La settimana “tipo” è programmata.


pardon, volevasi dire che la settimana “tipo” ERA programmata.

Domenica pomeriggio
“Papà… ma fammi capire se ho capito bene.”
“Dimmi”
“Allora: la mamma non va tutta la settimana ad insegnare all’università.”
“Giusto.”
“E nemmeno a scuola.”
“Giusto.”
“E a scuola non ci andiamo ne io ne Pica e neppure l’Ovetta alle medie?”
“Già!”
“Fino a sabato prossimo.”
“Almeno.”
“E le mie maestre e anche quelle dell’Ovetta stanno già mandando i compiti da fare a casa perché son troppi giorni.”
“Eh già”
“E oggi tu non sei partito perché la tua ditta ha detto che non devi prendere aerei.”
“Vero.”
“E domani non vai in ufficio perché ti hanno detto che devi lavorare da casa.”
“Hai capito bene.”
“E non siamo andati al crosspertutti ma spero che mi diano lo stesso la maglietta premio.”

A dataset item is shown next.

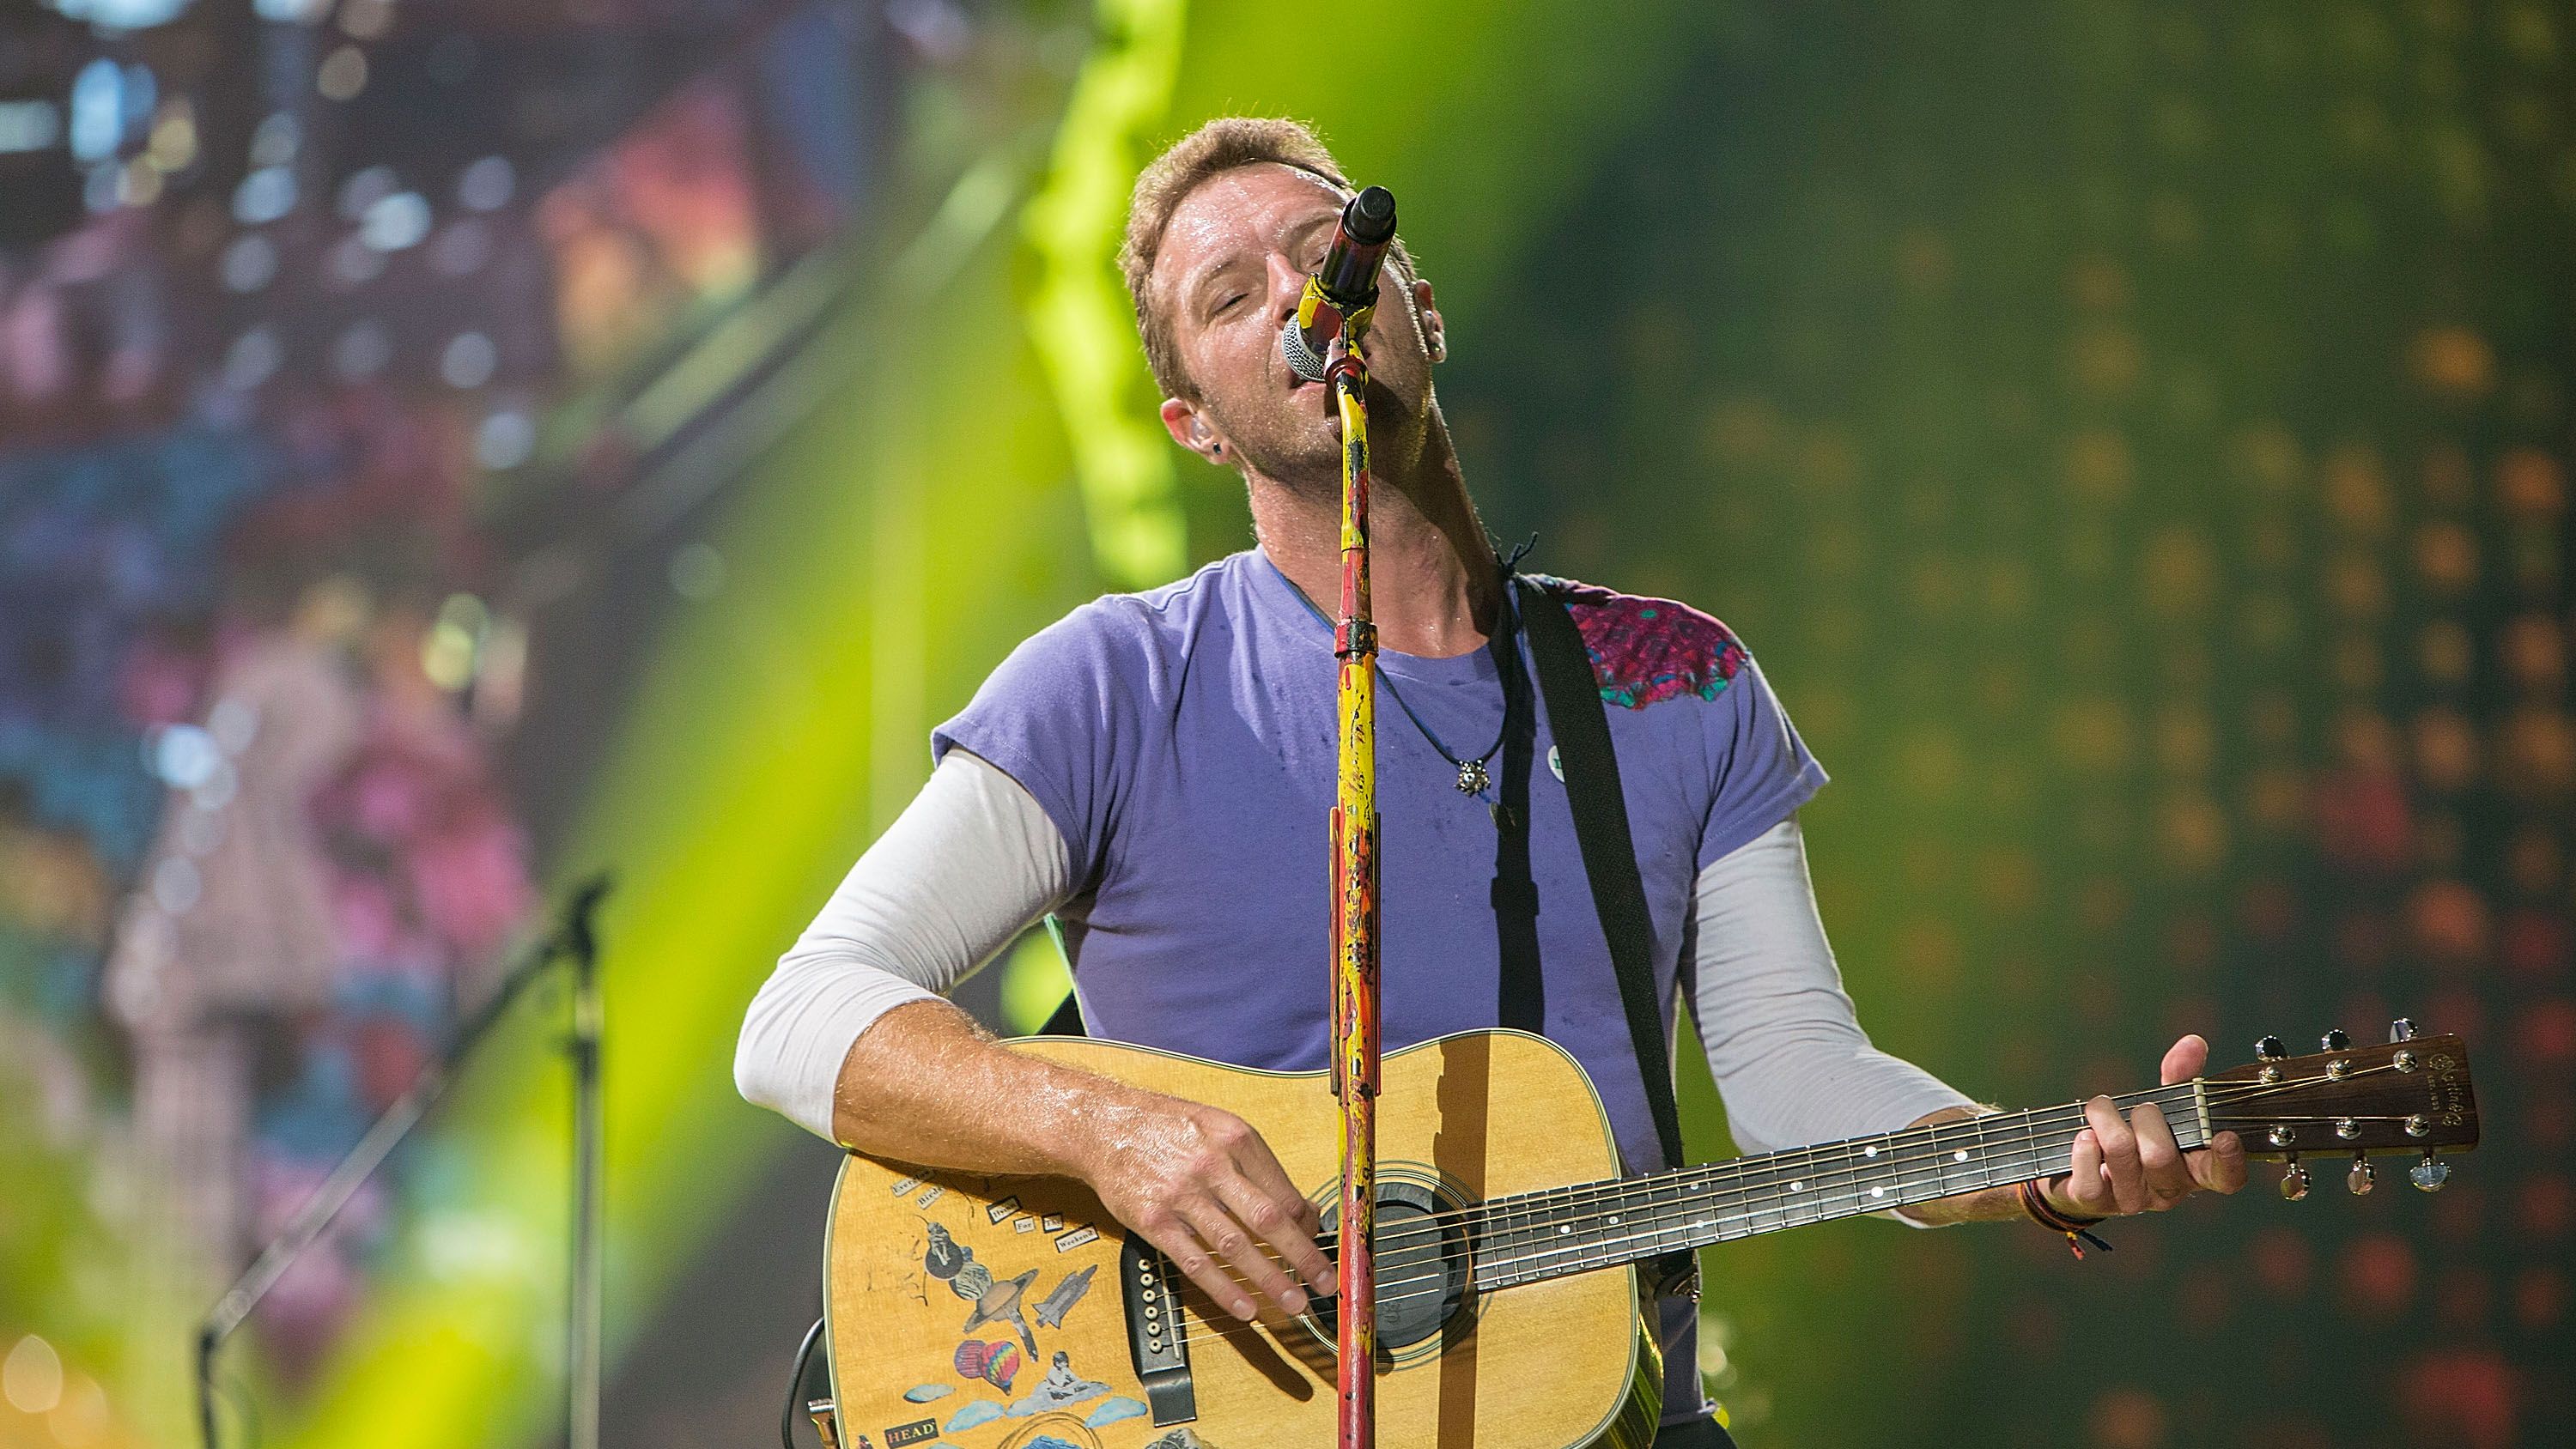 san diego, ca october 08 musician chris martin of coldplay performs on stage at sdccu stadium on october 8, 2022 in san diego, california photo by daniel knightongetty images

“Non lo so ma direi che è secondario.”
“Cavolo… che giornata strana! Ma è così brutto questo virus?”
“Non lo so, però possiamo fare due cose.”
“Dimmi”
“Possiamo guardare “Siamo fatti così”, così capite bene cosa sono i virus!”
“Bello! E poi?”
“Poi cosa?”
“Hai detto due cose. Qual è la seconda?”
“Lavarsi le mani! Impariamo a lavarci bene le mani! Anzi benissimo, capito?”